Given material »
========

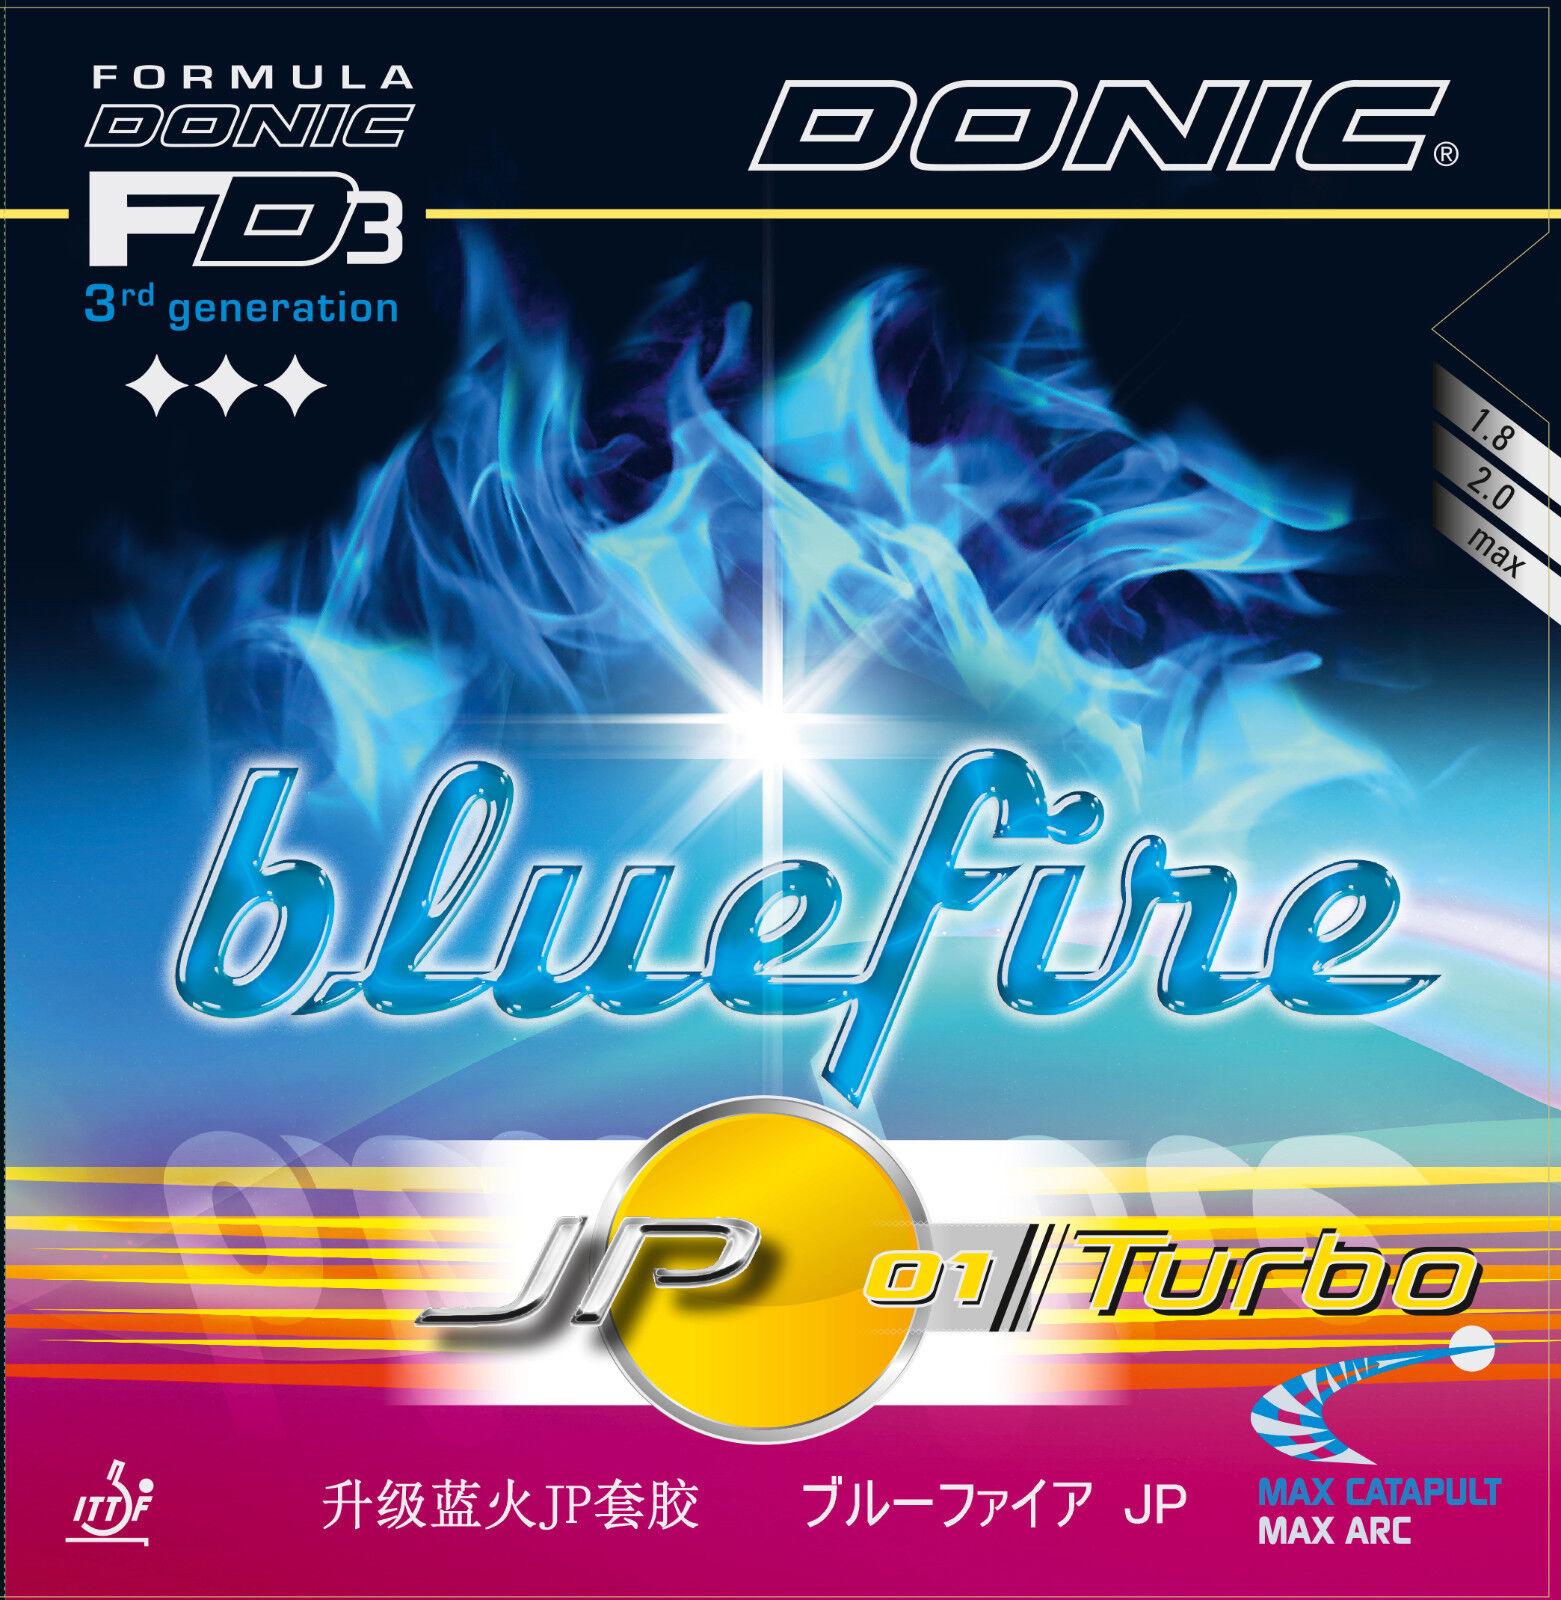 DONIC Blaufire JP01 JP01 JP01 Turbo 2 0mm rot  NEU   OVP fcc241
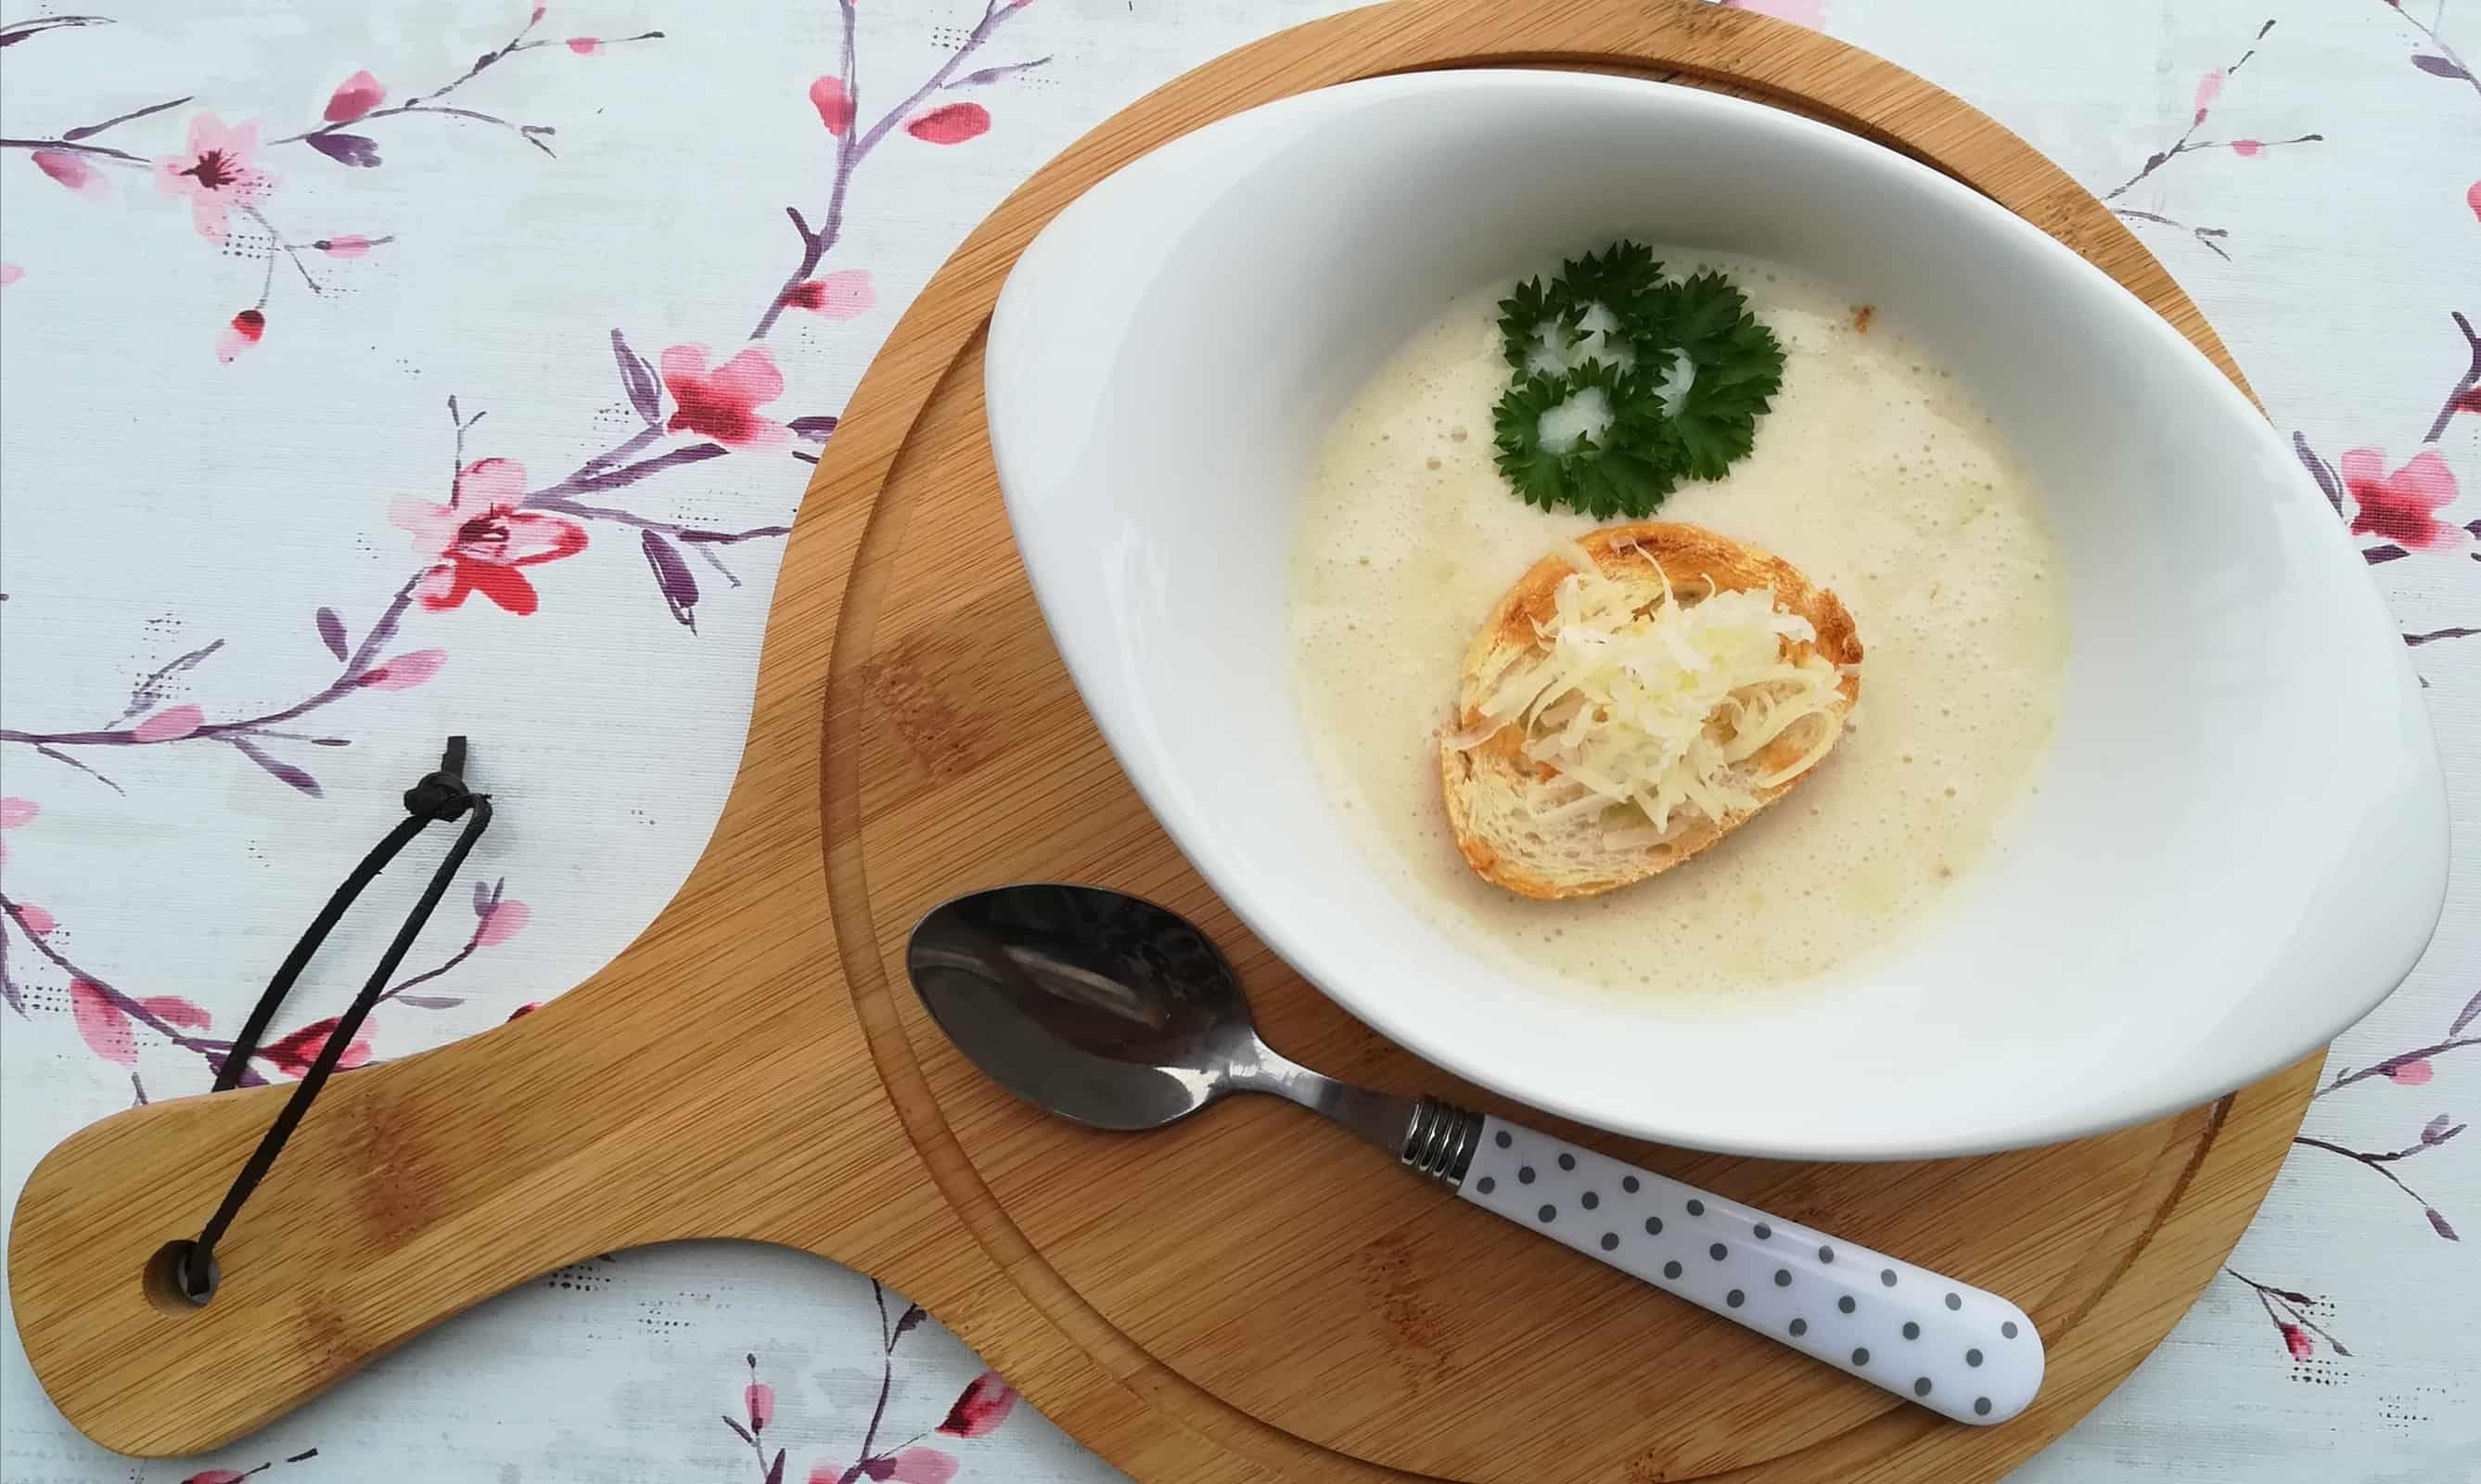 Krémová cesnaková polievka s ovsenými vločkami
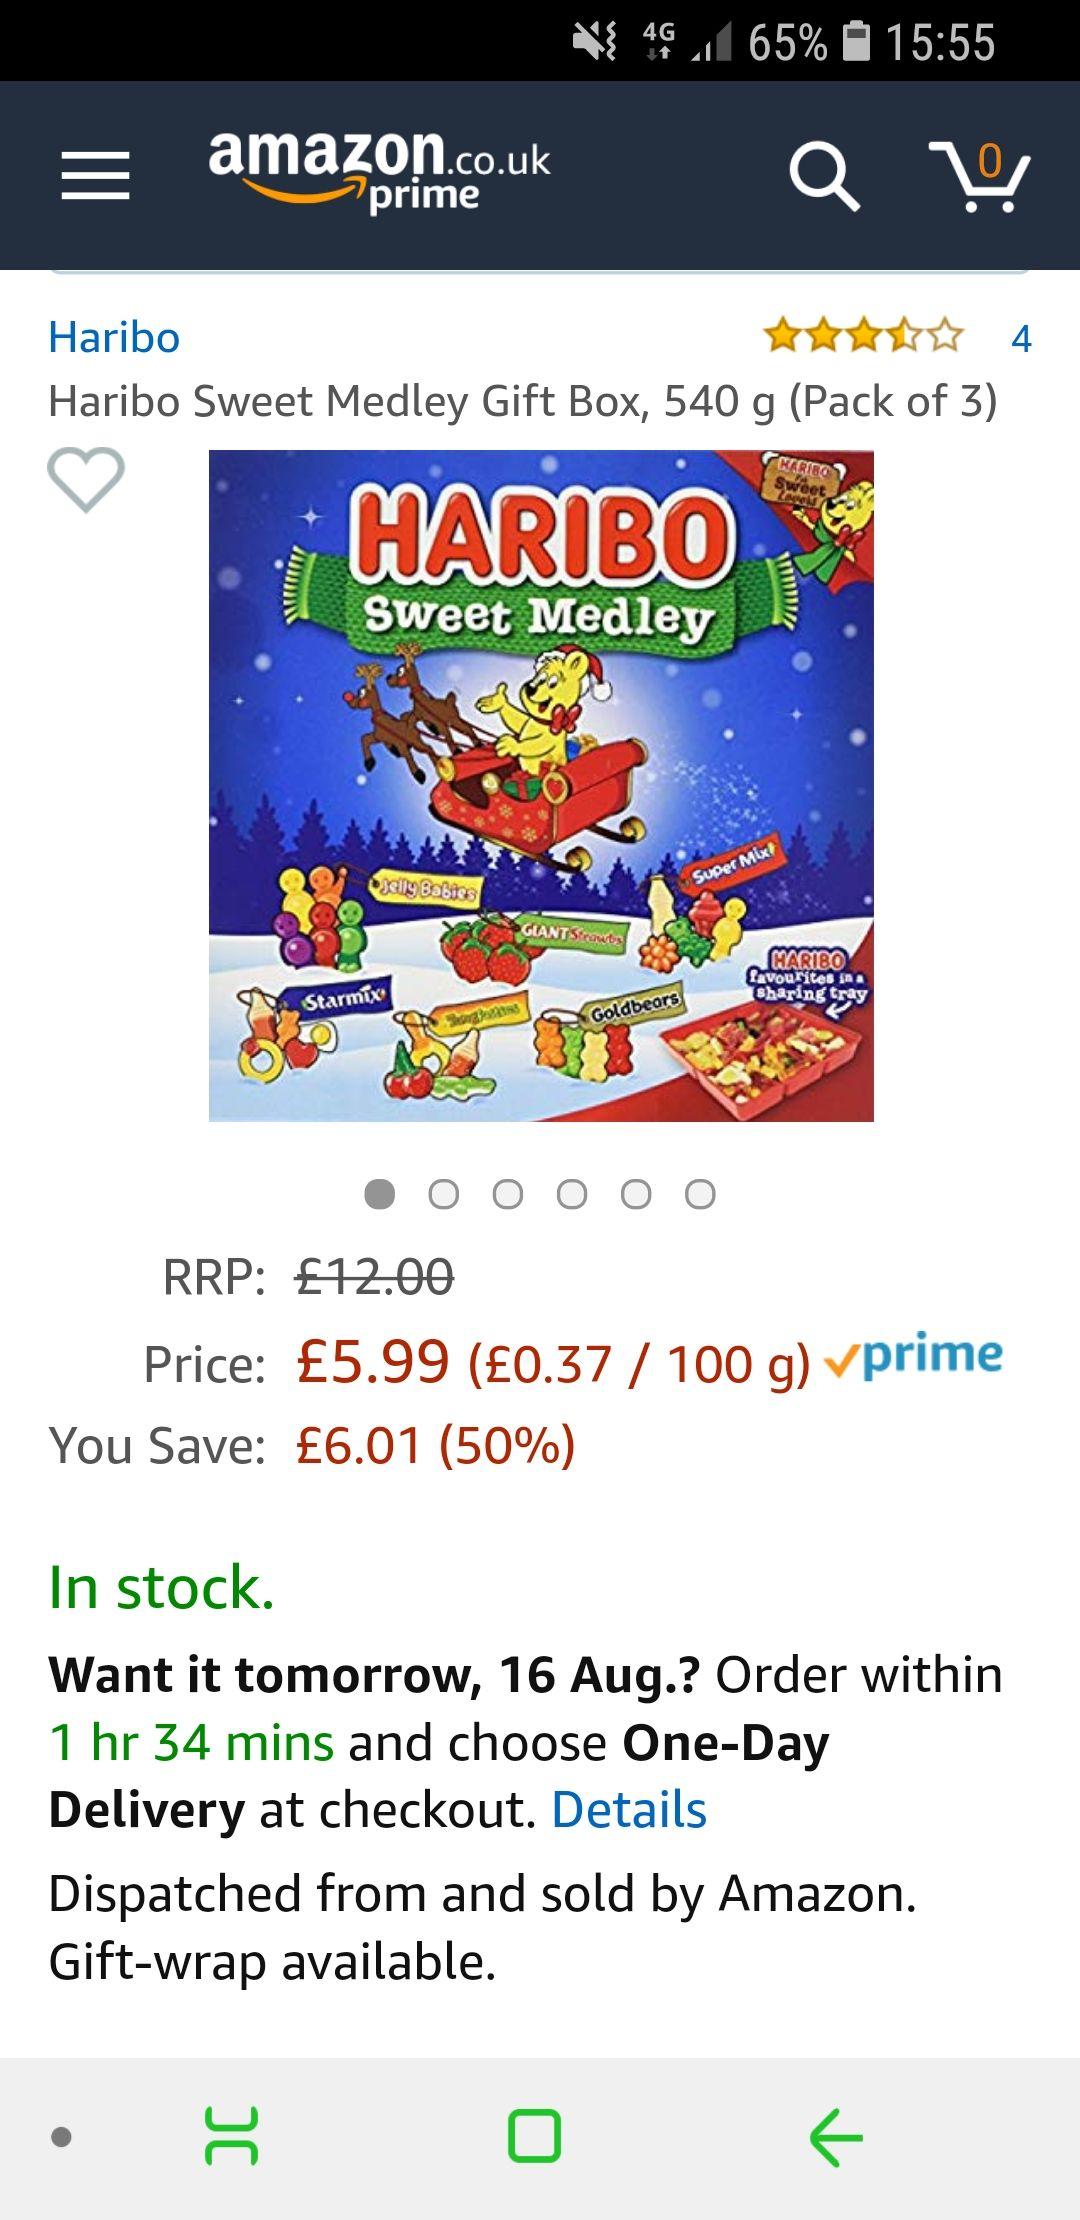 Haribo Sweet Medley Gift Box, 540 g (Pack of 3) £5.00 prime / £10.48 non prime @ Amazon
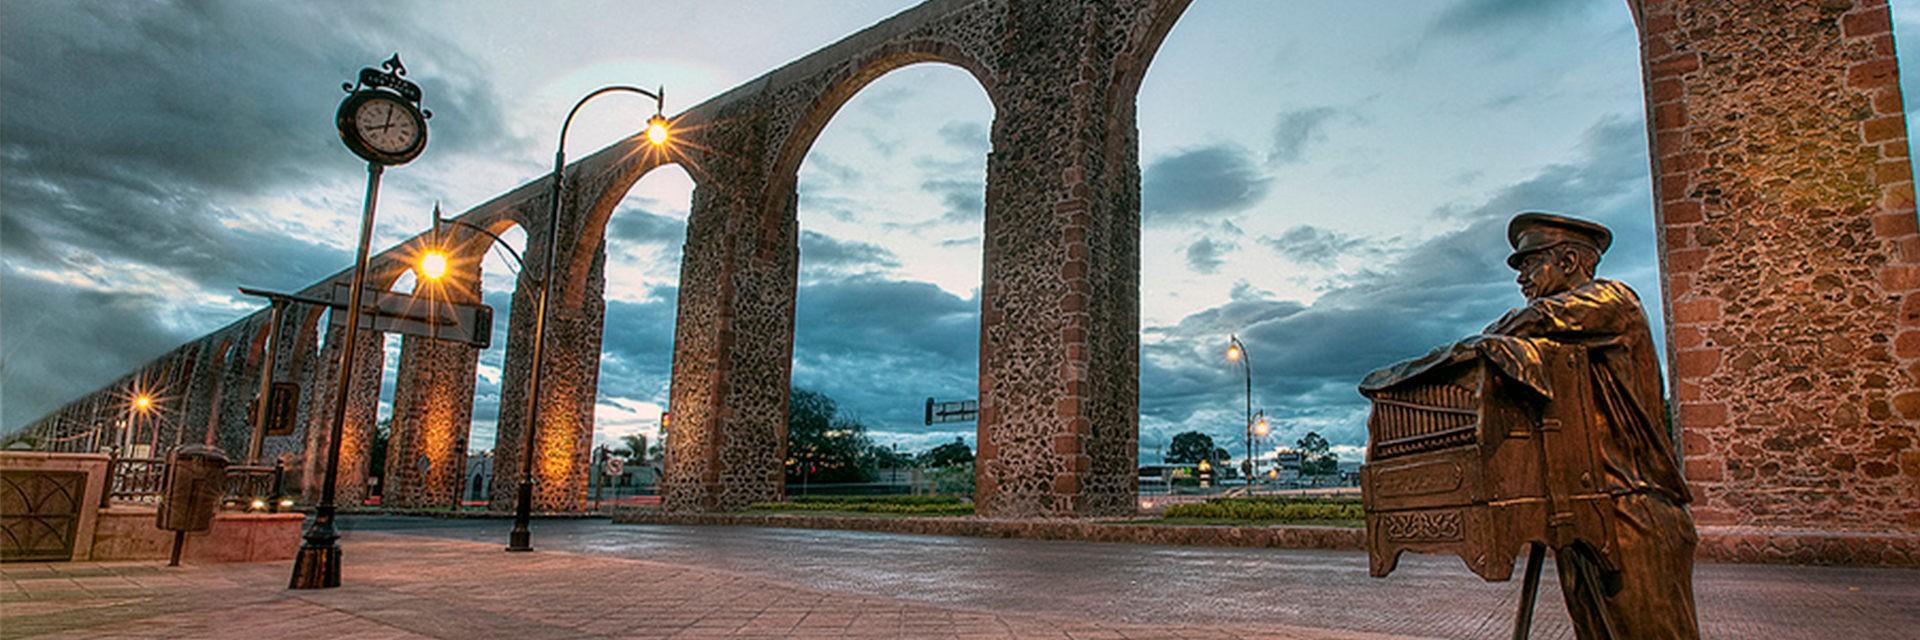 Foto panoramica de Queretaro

========

Exercise prompt » Starting with the line that contains "Haribo Sweet Medley" and ending with the last line of the material, every line must be written out exactly; no other lines and no pictures are wanted.

Solution to the problem »
 Haribo Sweet Medley Gift Box, 540 g (Pack of 3) £5.00 prime / £10.48 non prime @ Amazon
 Foto panoramica de Queretaro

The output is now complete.